►
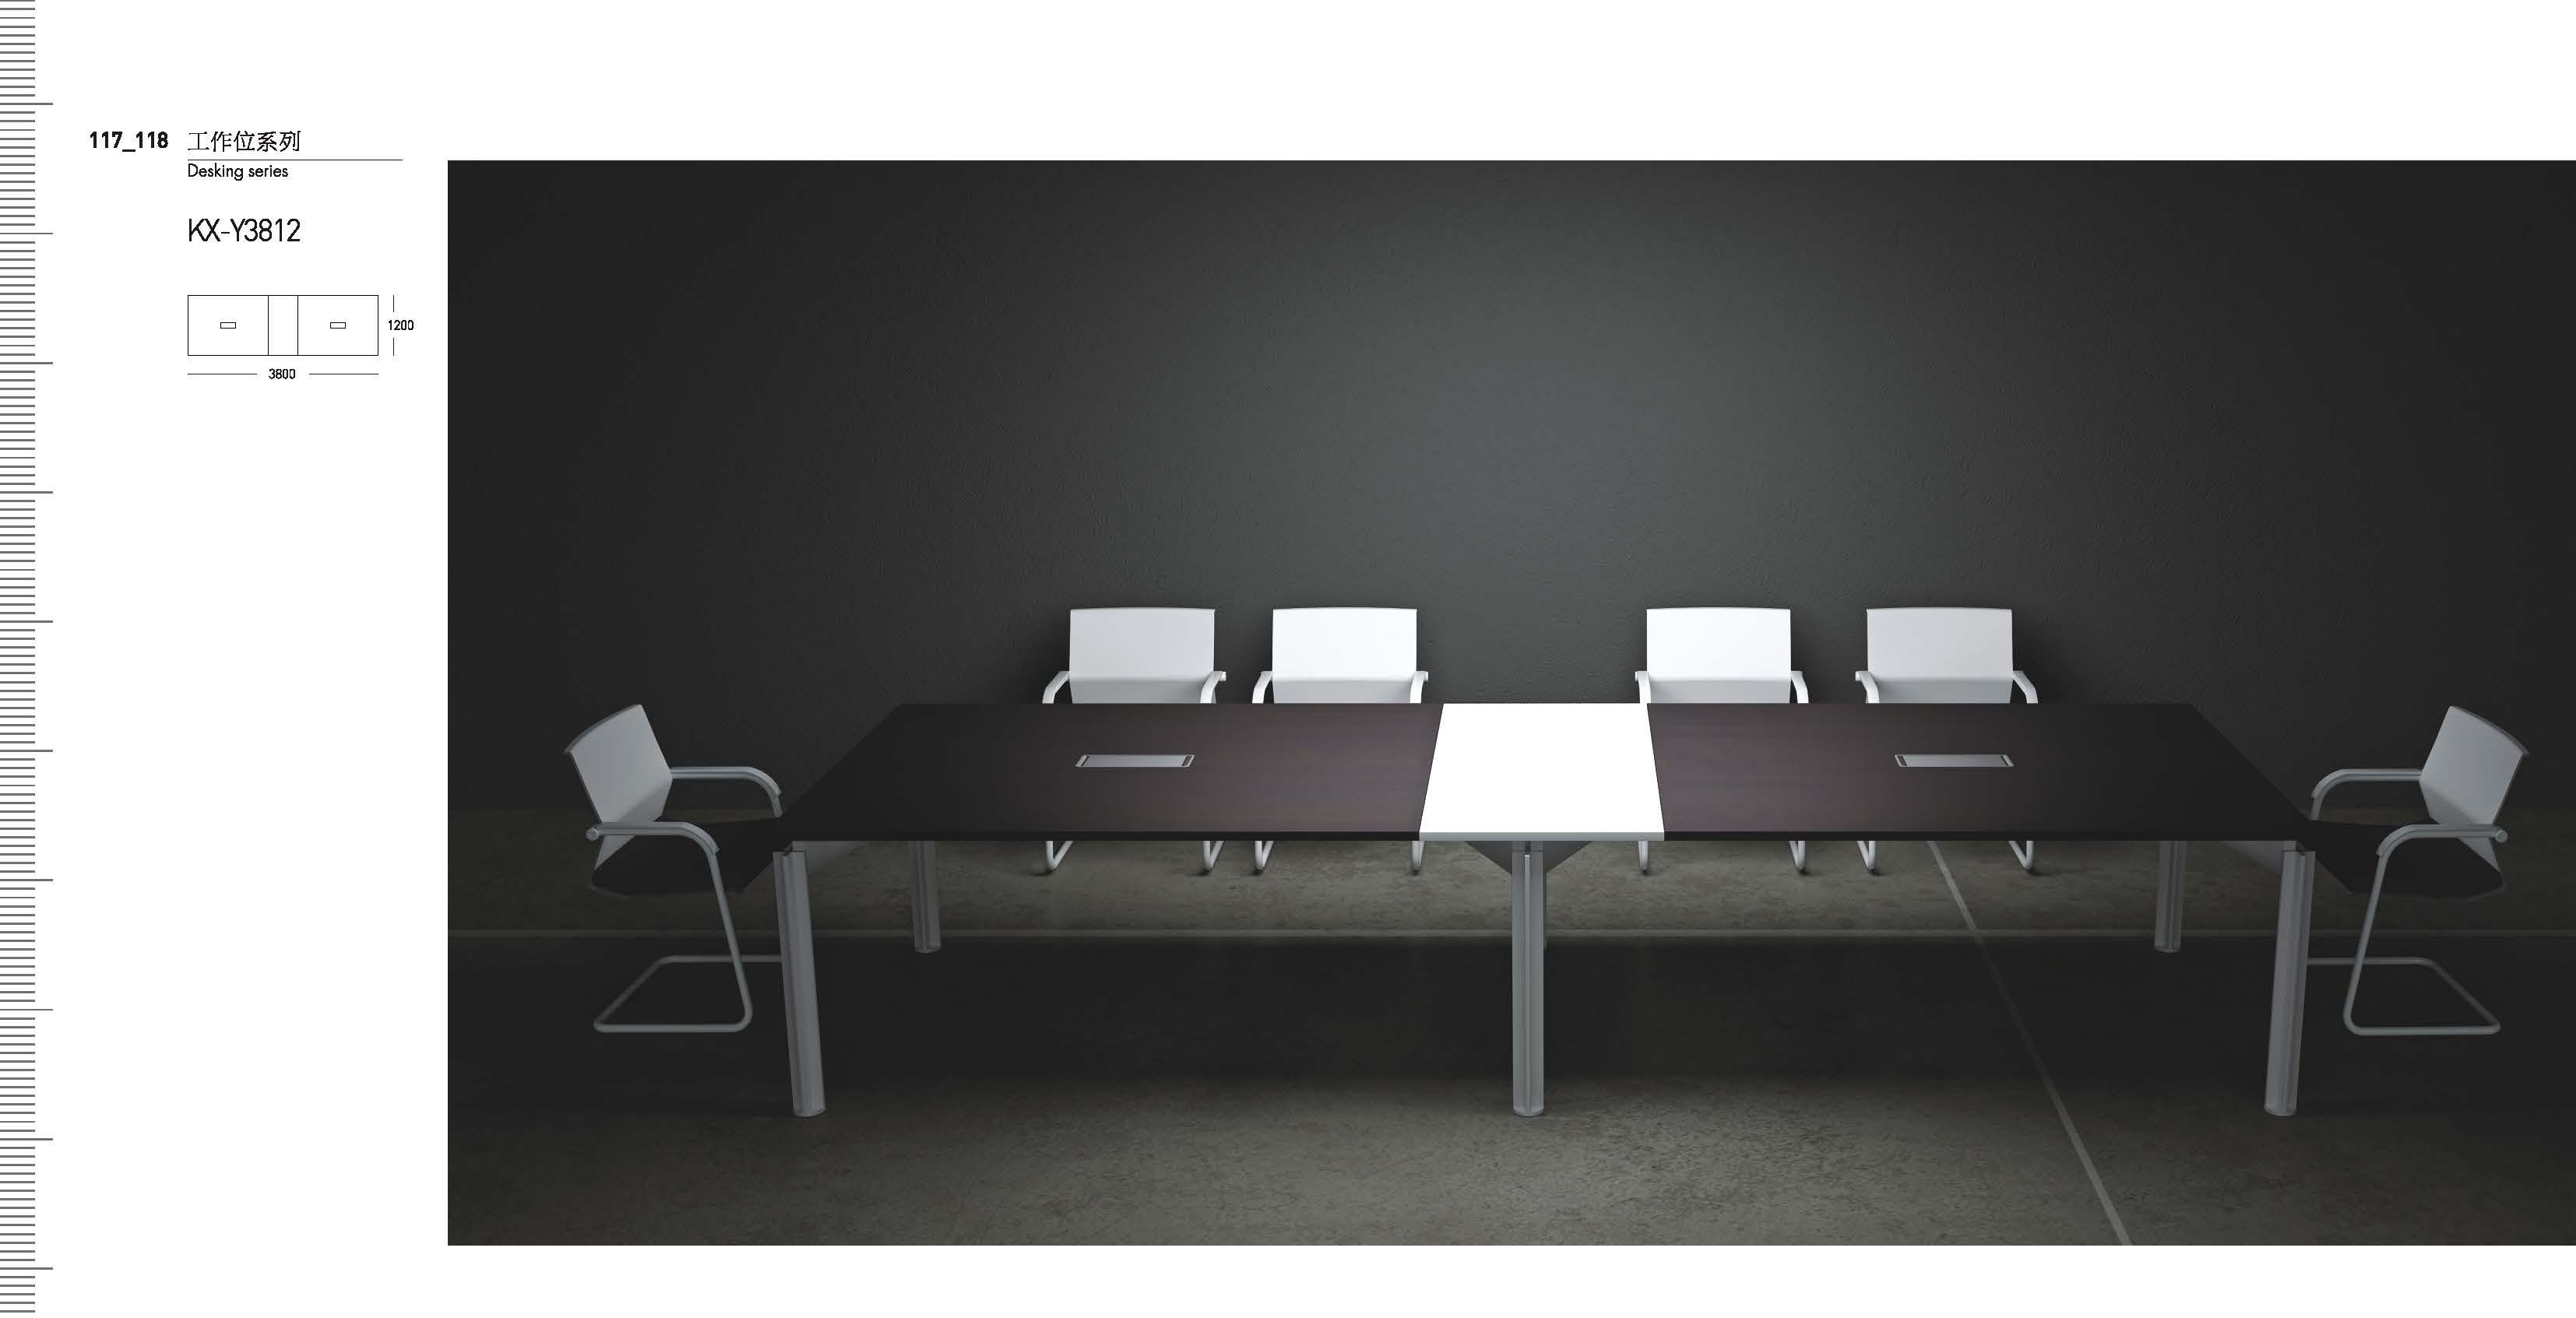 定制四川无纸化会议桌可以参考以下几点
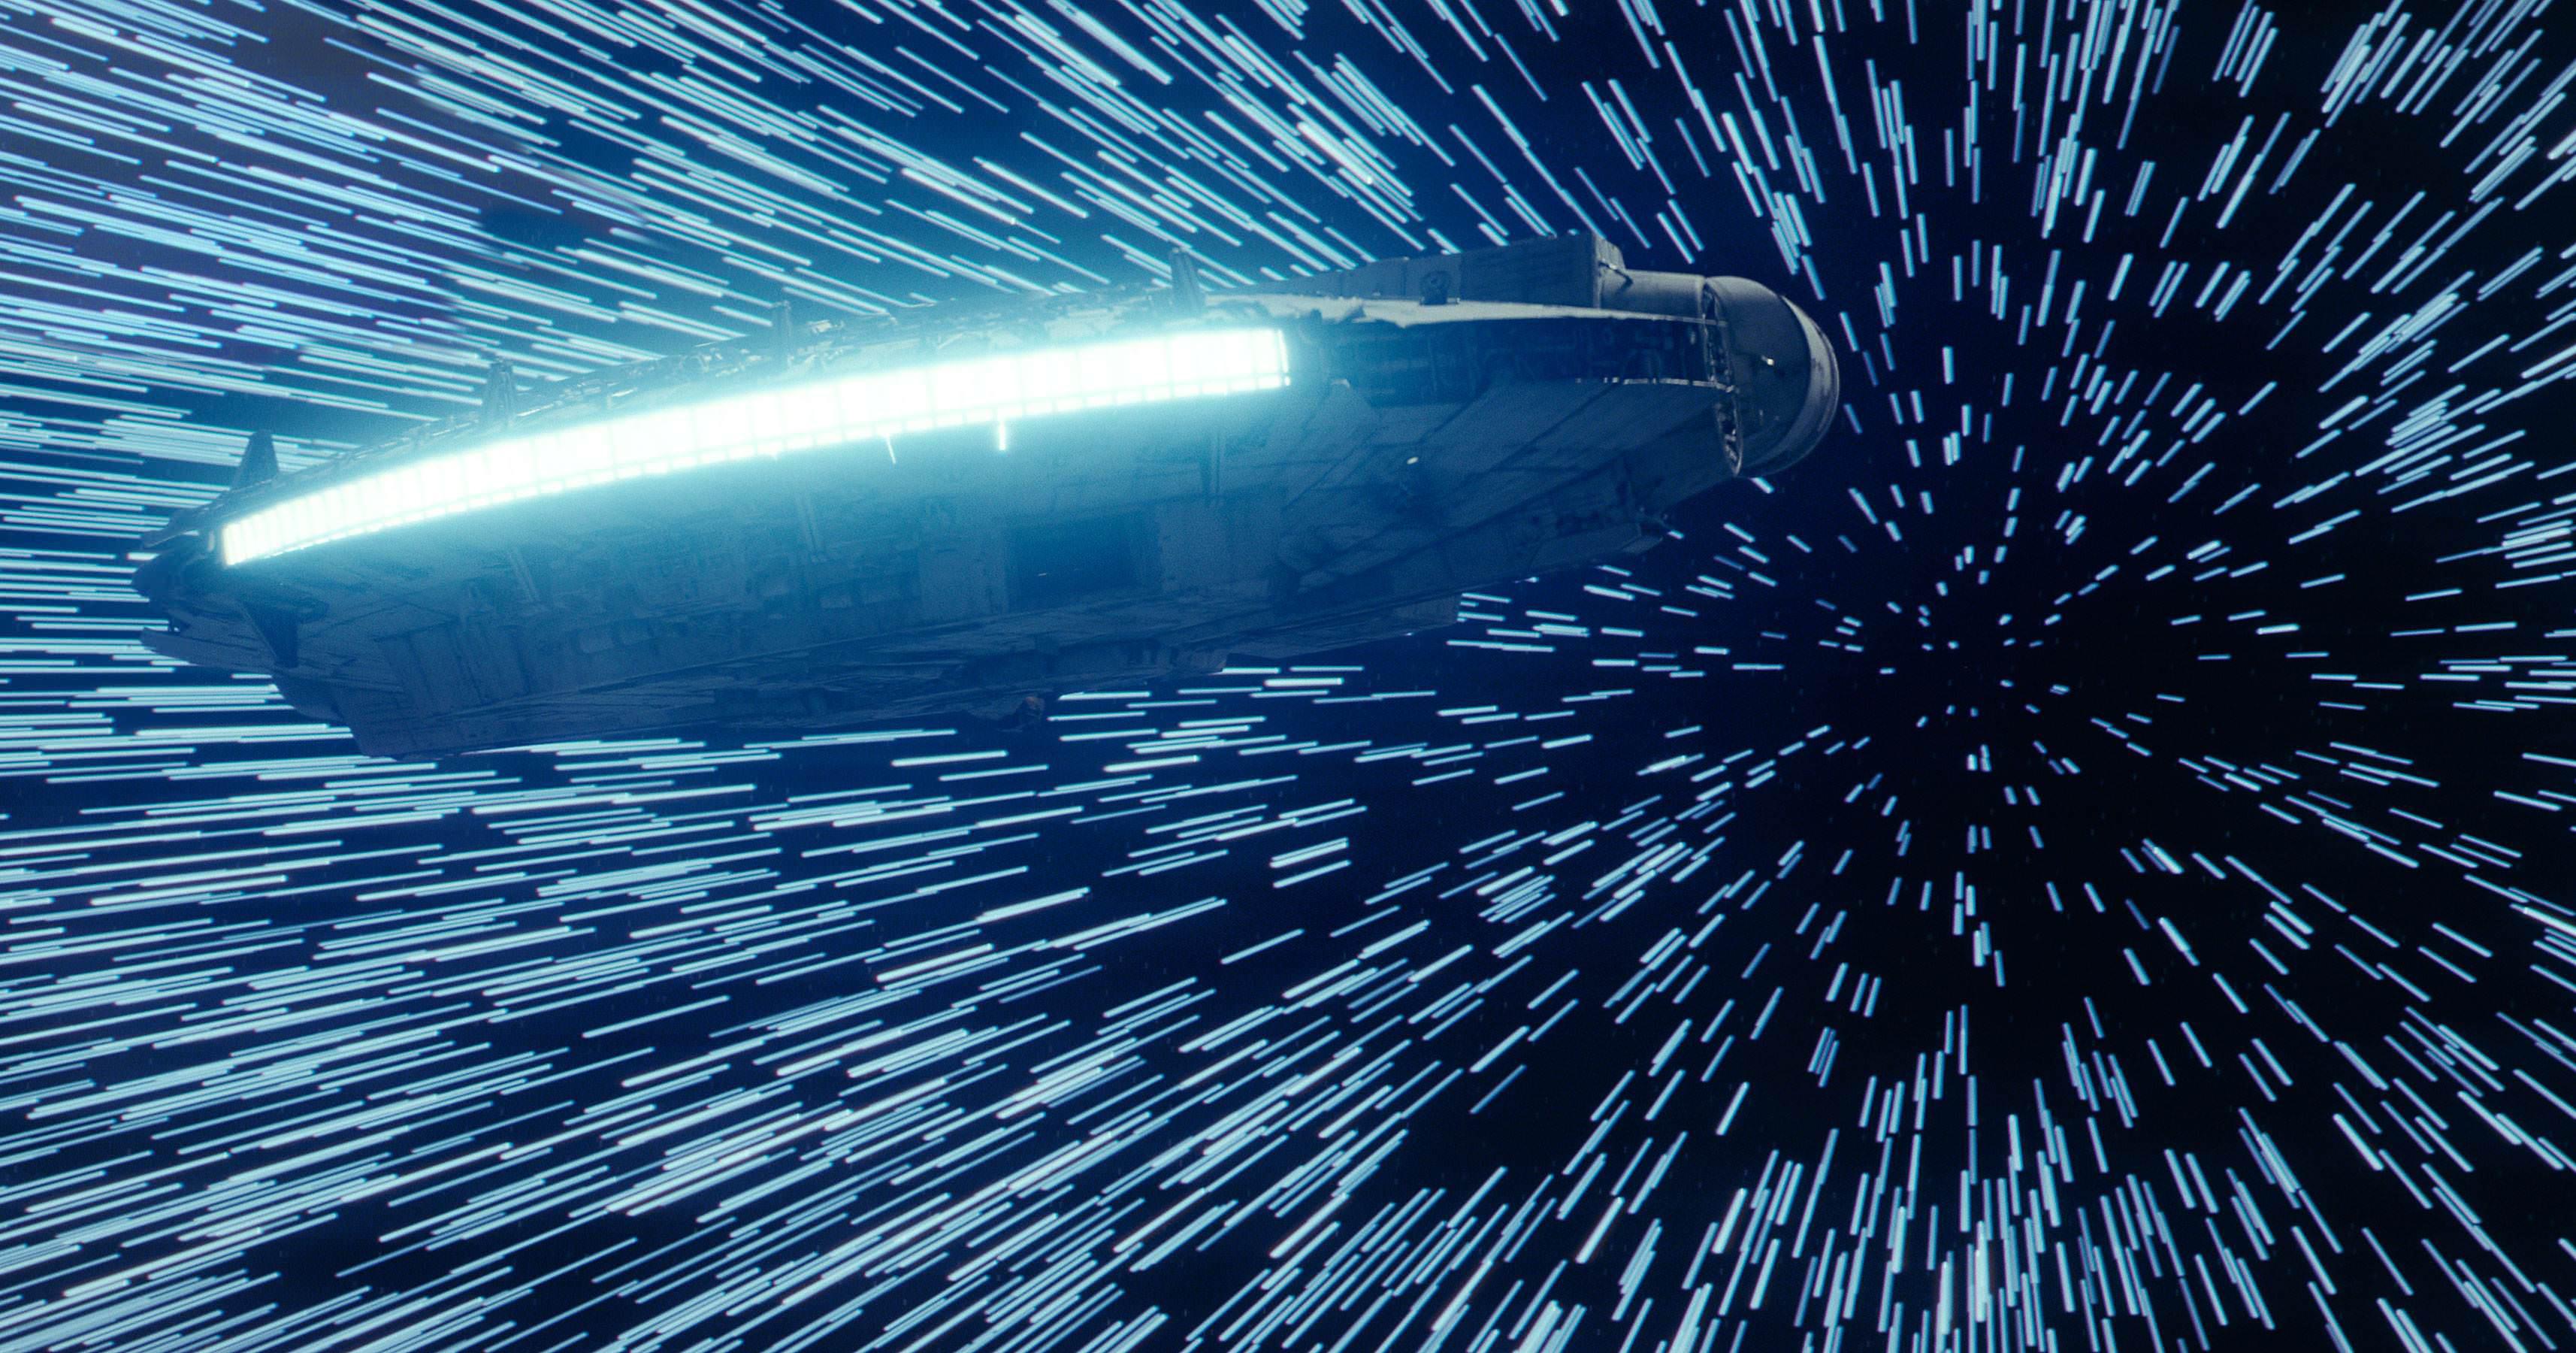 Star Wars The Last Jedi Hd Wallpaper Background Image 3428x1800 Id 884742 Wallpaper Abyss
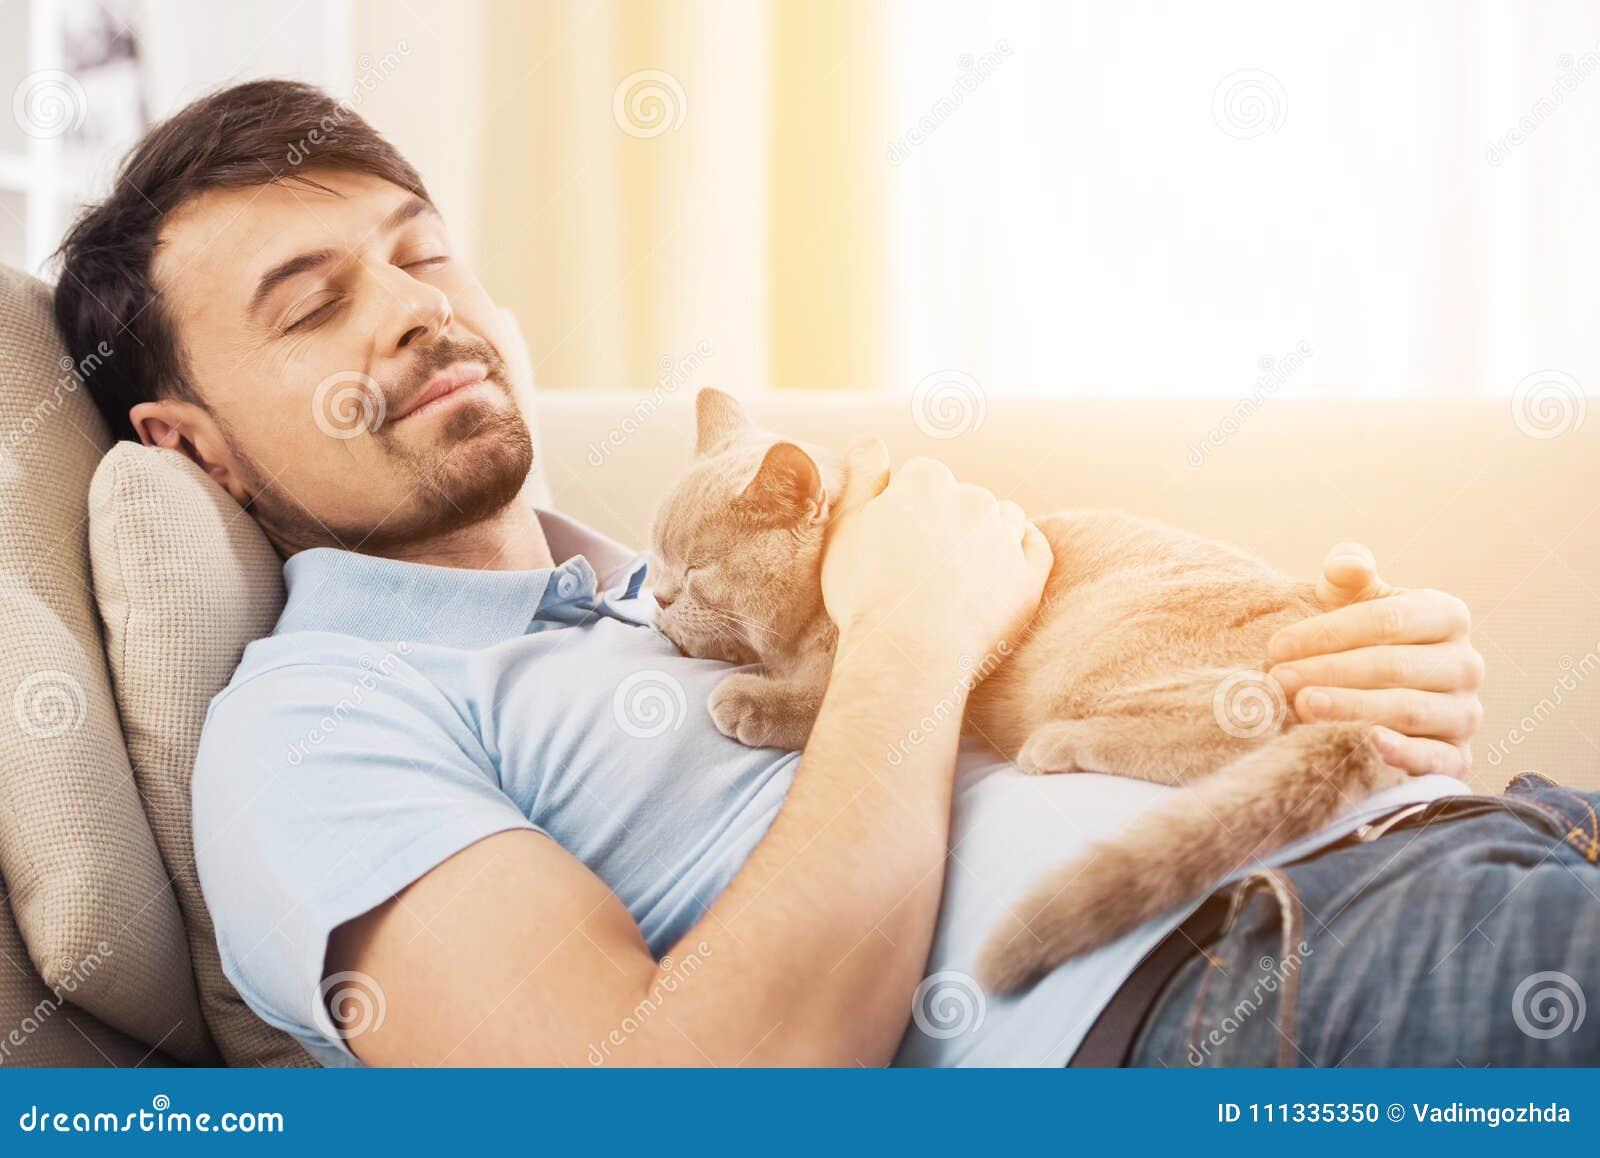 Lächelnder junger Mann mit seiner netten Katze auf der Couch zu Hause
◄
Would you retype every line shown above exactly, leaving the pictures aside?

**Final answer**
 定制四川无纸化会议桌可以参考以下几点
 Star Wars The Last Jedi Hd Wallpaper Background Image 3428x1800 Id 884742 Wallpaper Abyss
 Lächelnder junger Mann mit seiner netten Katze auf der Couch zu Hause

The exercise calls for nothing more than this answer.